The leveling off and even decline in mortality can be entirely accounted for by frailty models in which the chance of death for all individuals in the population rises at a constant or increasing rate with age. On the other hand, mortality deceleration could also result from behavioral and physiological changes with age. Research is needed on the relative importance of compositional change vs. individual change in determining oldest-old mortality patterns.

5.3 Induced Demographic Schedules

A key construct underlying evolutionary theory is the Lotka equation, which determines the growth rate of a population or the spread of an advantageous mutation (Charlesworth 1994). The simplistic assumption in the Lotka equation that fertility and survival schedules are fixed is surely wrong. Environments are uncertain and changing. An individual does not face the fixed fertility and survival schedules of stable population theory (Keyfitz 1968), but dynamically adopts alternative schedules as the environment and the individual’s capabilities change. For these and other reasons, Lotka-based theory needs re-thinking. The Lotka equation, however, does capture a fundamental insight: it is reproductive success that is optimized by evolution, not longevity. Deeper understanding of survival at older ages depends on intensified research into the interactions between fertility and survival.

6. Determinants Of Oldest-Old Mortality

Oldest-old mortality is lower for women than men, people born in this century rather than earlier, and people born in rich countries rather than poor ones. Smoking is a health hazard at all ages. Diet is important. The significance of medical treatment and other health care interventions may grow with age.

About a quarter of the variation in adult lifespans appears to be attributable to genetic variation among individuals (Vaupel et al. 1998). Several genes, including the ApoE gene, with polymorphisms that influence oldest-old mortality have been uncovered and there may be hundreds of others that substantially affect oldest-old mortality (Vaupel et al. 1998).

Research in progress suggests that an additional quarter of the variation in lifespans after age 50 may attributable to nongenetic characteristics that are more or less fixed by the time a person reaches age 50. In addition to educational achievement and socio- economic status, month of birth and mother’s and father’s age at a person’s birth influence oldest-old mortality. Women and men who have a baby in their 40s suffer lower mortality at oldest-old ages. Nutrition and infections in utero and early in life have major effects on late-life mortality (Barker 1992, Doblhammer 1999).

7. Forecasts Of Oldest-Old Mortality

Almost all population forecasts made by governmental organizations have assumed slow rates of mortality improvement. Because death rates over the past century have continued to fall at most ages and have been reduced at an accelerating pace at older ages, past forecasts have seriously underestimated progress in increasing survival.

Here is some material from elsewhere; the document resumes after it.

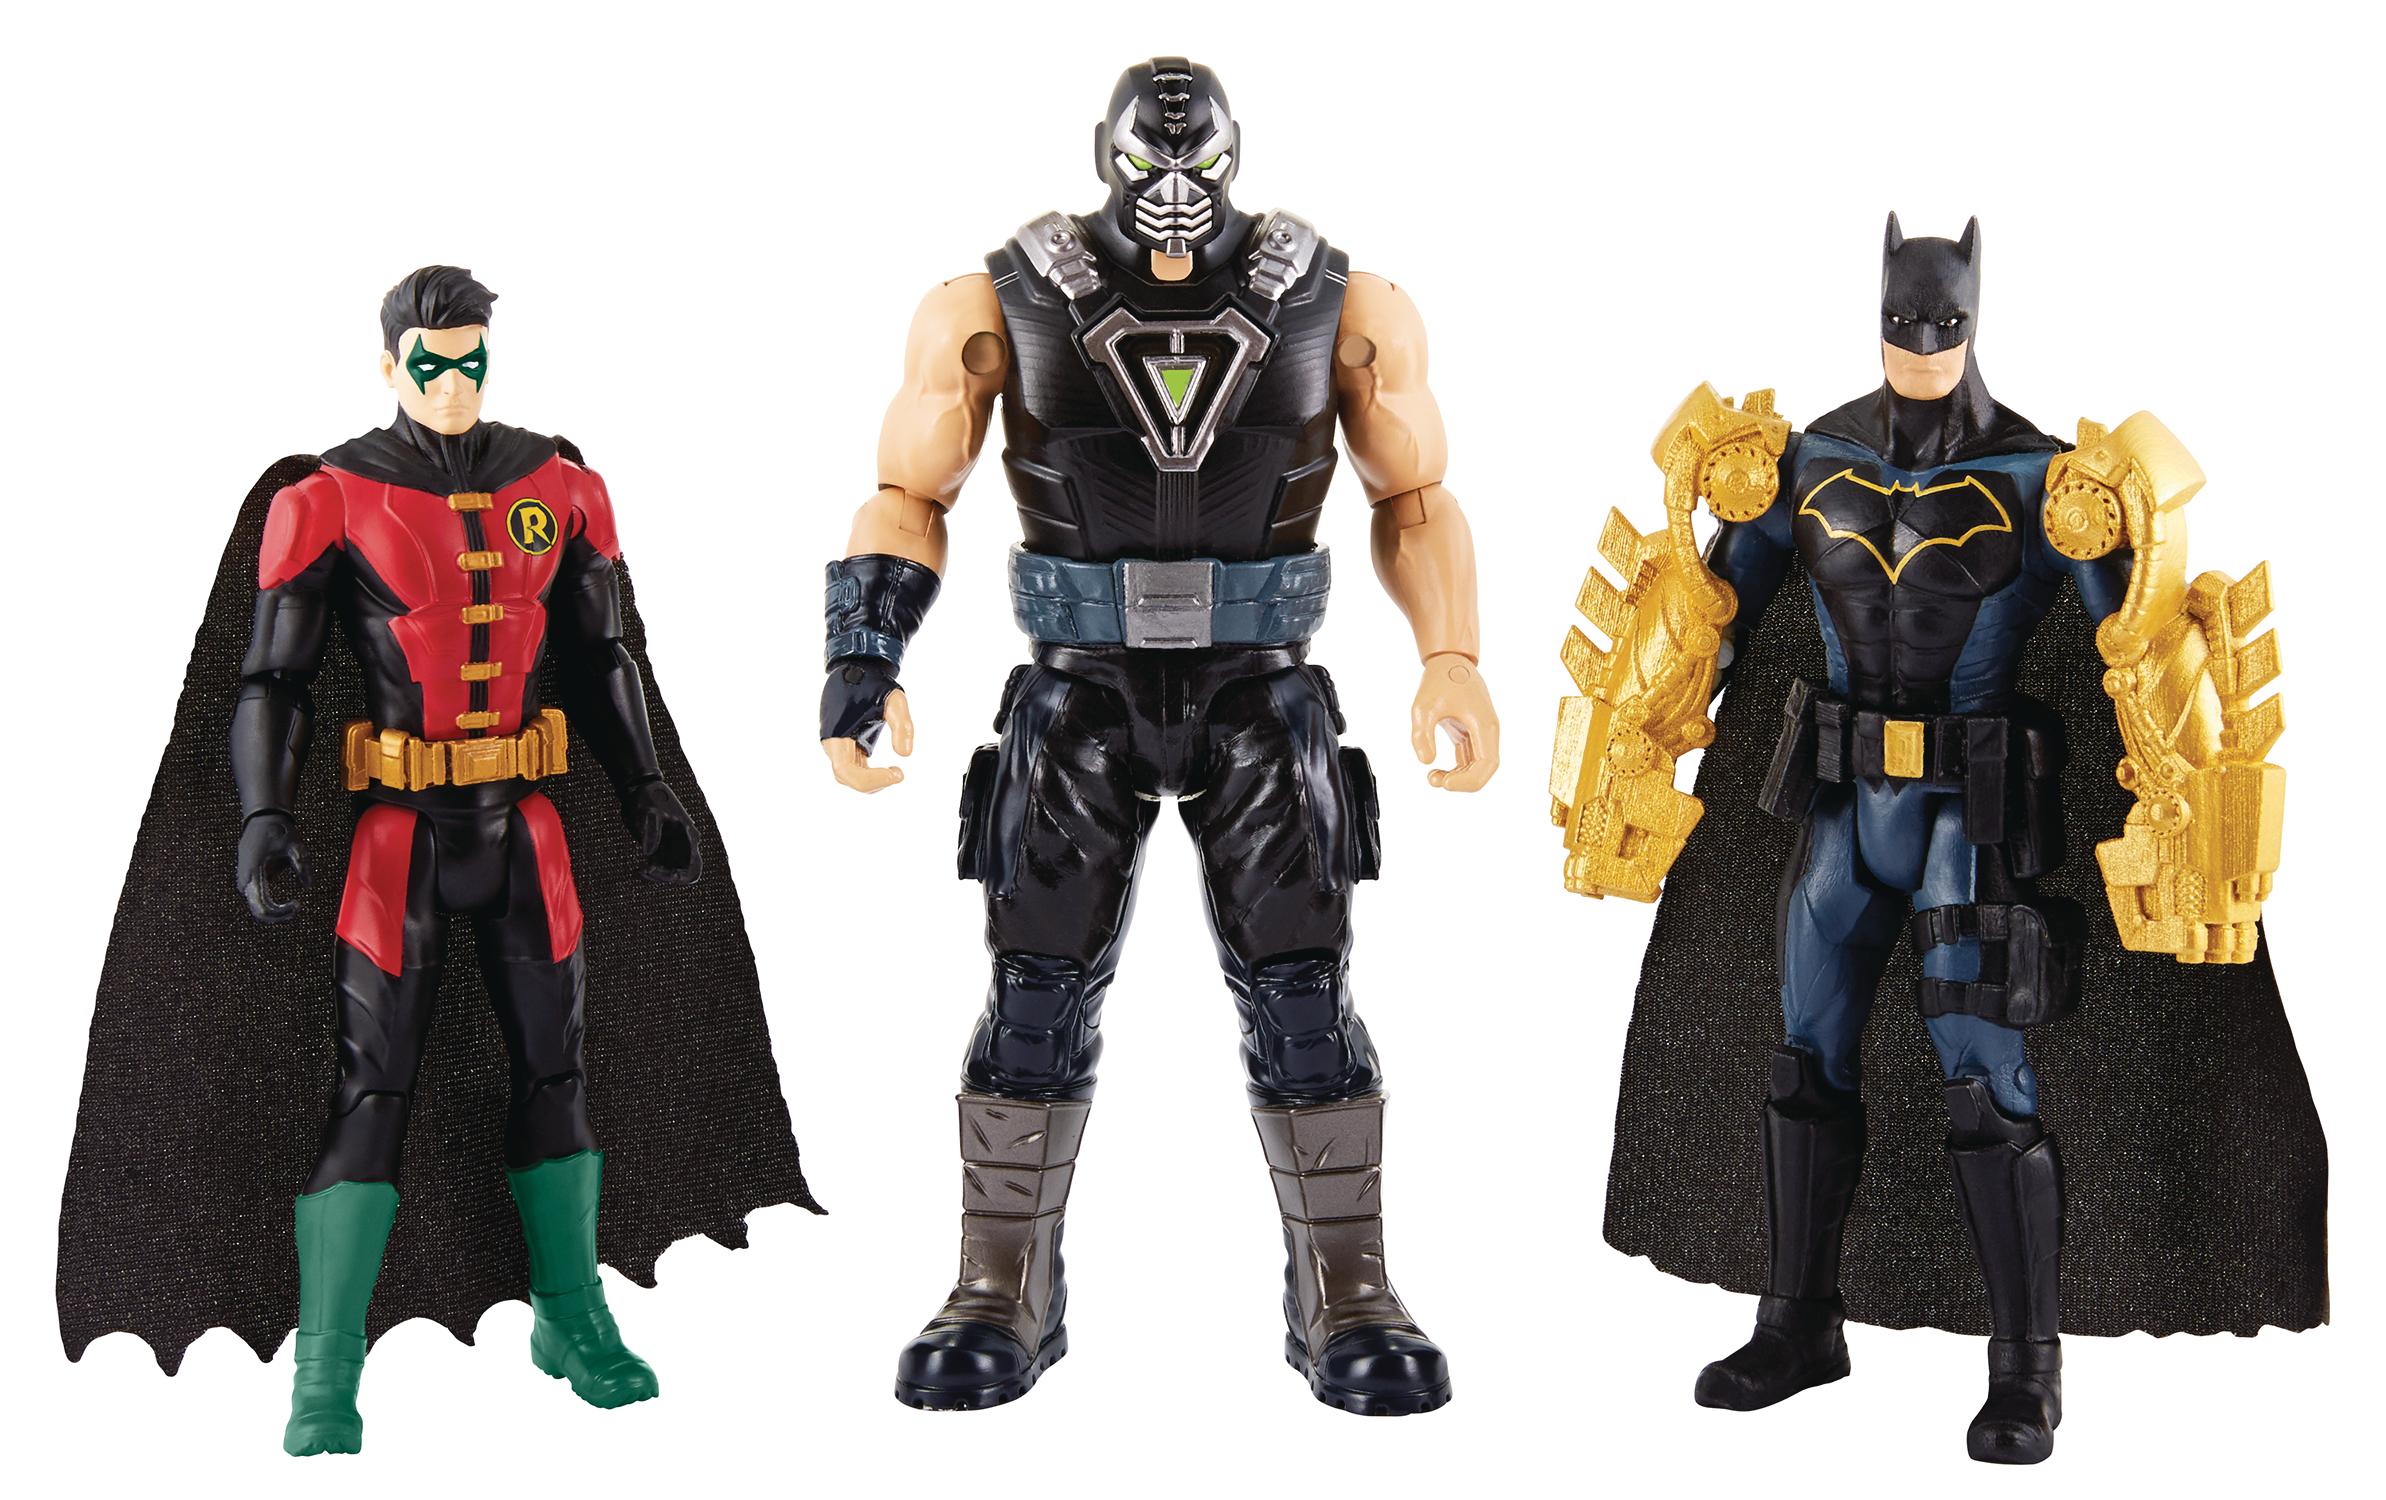 DC Comics Batman Missions 12-Inch Total Armor Batman Action Figure

In developed countries large increases in life expectancy depend on substantial reductions in oldest-old mortality. If progress is slow, then period life expectancy at birth in 2050 may be less than 85 in most developed countries. On the other hand, if improvements in French mortality continue in the future at the same pace as in recent decades, half of the baby girls born in France at the end of the twentieth century may survive to celebrate the dawn of the twenty-second century. Note the difference between these two statements. The first pertains to period life expectancy for both sexes combined. The second pertains to median cohort lifespans for French females. Much of the apparent disagreement among demographers about the duration of life in the future arises because different measures and populations are being compared. Real disagreements, however, exist about whether the pace of mortality improvement will persist, further accelerate, or decline over the coming century (Wilmoth 1998).